Muchas veces, cuando sumido en la incipiente depresión que
amenazaba mi equilibrio mental ( o al menos eso era lo que yo
pensaba), subía a su piso para recordarla un poco más y después de
acariciar aquellos muebles que un día habían sido testigos de
nuestra pasión, me echaba en la cama y le hablaba sumido en la
desesperación y la soledad. “Te esperaré mi amor – decía al
aire, que era el único que podía oír mis lamentos – tendré
paciencia y esperaré. Tu marido un día morirá y entonces, cuando
te veas sola y desvalida y yo ya sea un hombre respetable, te darás
cuenta de que jamás podrás disfrutar de un amor como el que yo te
ofrecí. Volverás a mis brazos y te casarás conmigo, conmigo,
Conchita, a quién jamás debiste abandonar”

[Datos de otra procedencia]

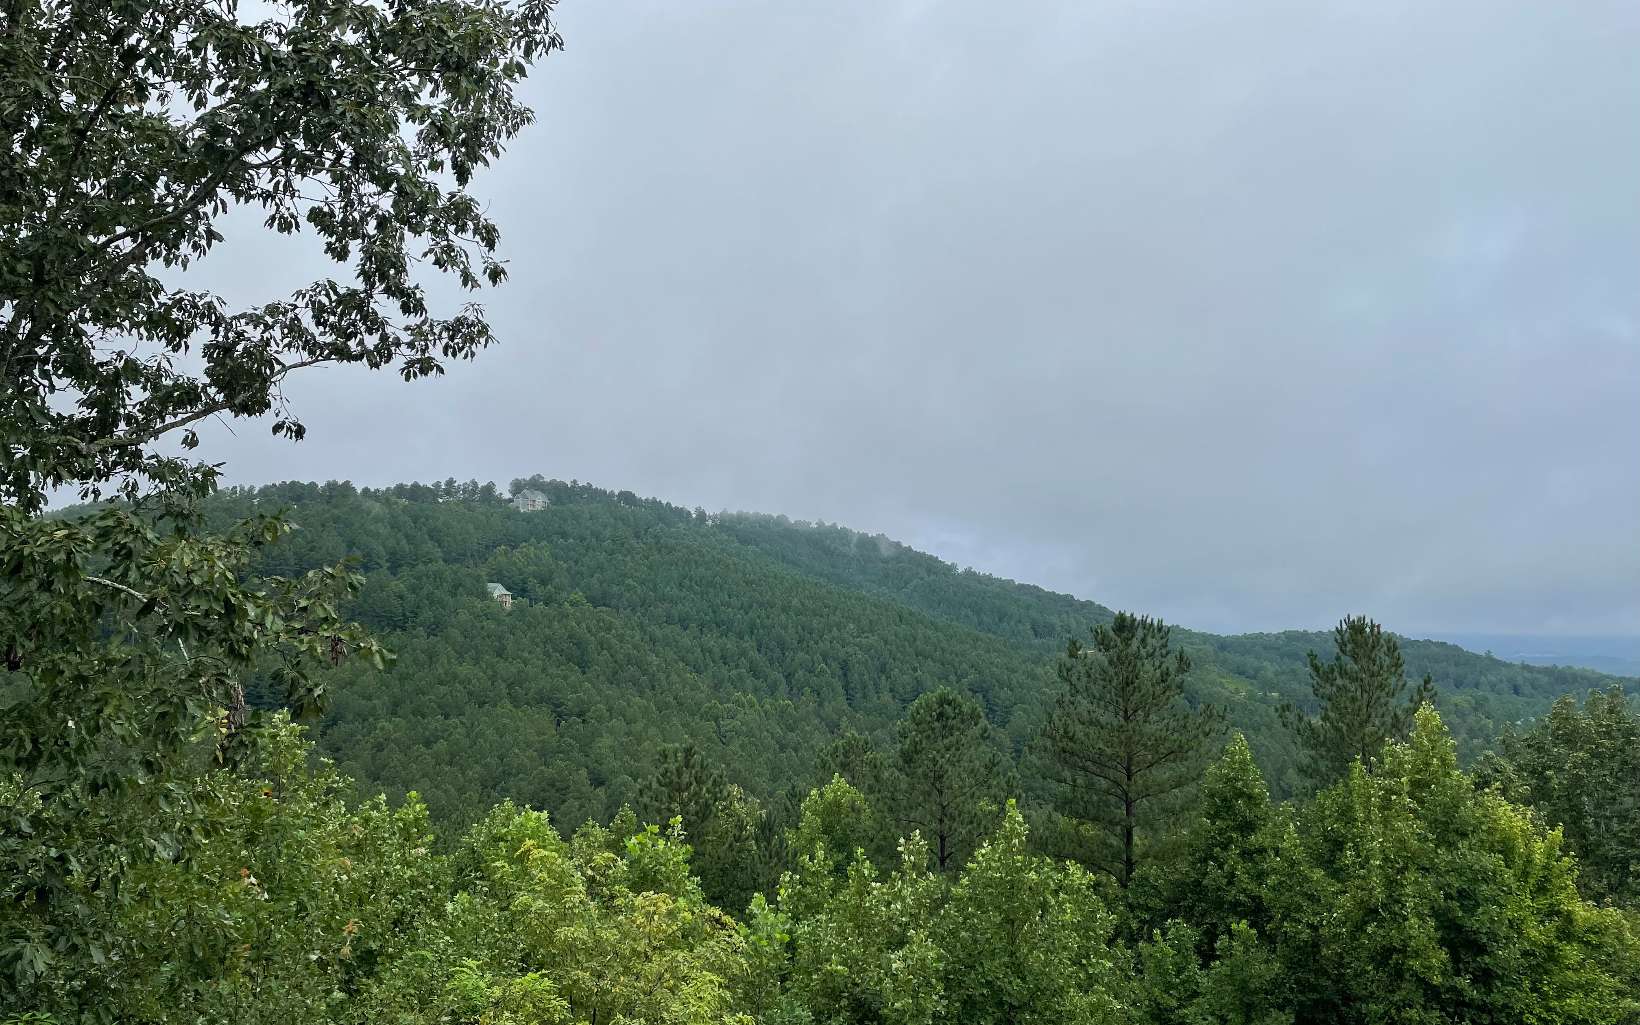 ***LOT WITH A VIEW*** Beautiful mountain community here in Blairsville Ga. Plenty of amenities to choose from like swimming, boating, walking, hiking, and enjoying the views of North Georgia. Come check out this neighborhood the next time you are in the area.

Acompañaba mis palabras con el recuerdo de mi amor perdido, y
acompañaba el recuerdo de mi amor perdido con una buena dosis de
solitaria pasión. Con los ojos cerrados y la mente concentrada en
los magníficos polvos que nos habíamos regalado mutuamente, mi mano
envolvía mi pene y se afanaba en hacer lo que ya no podía hacer a
su lado. Como dice el refrán, “a falta de pan, buenas son tortas”.
Así transcurrieron los primeros meses de su ausencia. La
echaba tanto de menos que incluso en algún momento pensé en
escribirle una carta para hacerla conocedora de la pasión que me
consumía. Yo conocía su dirección, pues ella se carteaba con
frecuencia con mi madre, y en más de una ocasión me vi bolígrafo
en mano, dispuesto a contarle mil cosas. Afortunadamente en el último
momento desistía del intento. Mi cerebro, yendo en contra de mi
corazón y mis sentimientos, me decía que no cometiera aquella
locura, que la carta podría ir a parar a manos de su esposo y que no
era de recibo causarle problemas a la mujer que, hasta aquel momento,
yo había amado más en mi vida.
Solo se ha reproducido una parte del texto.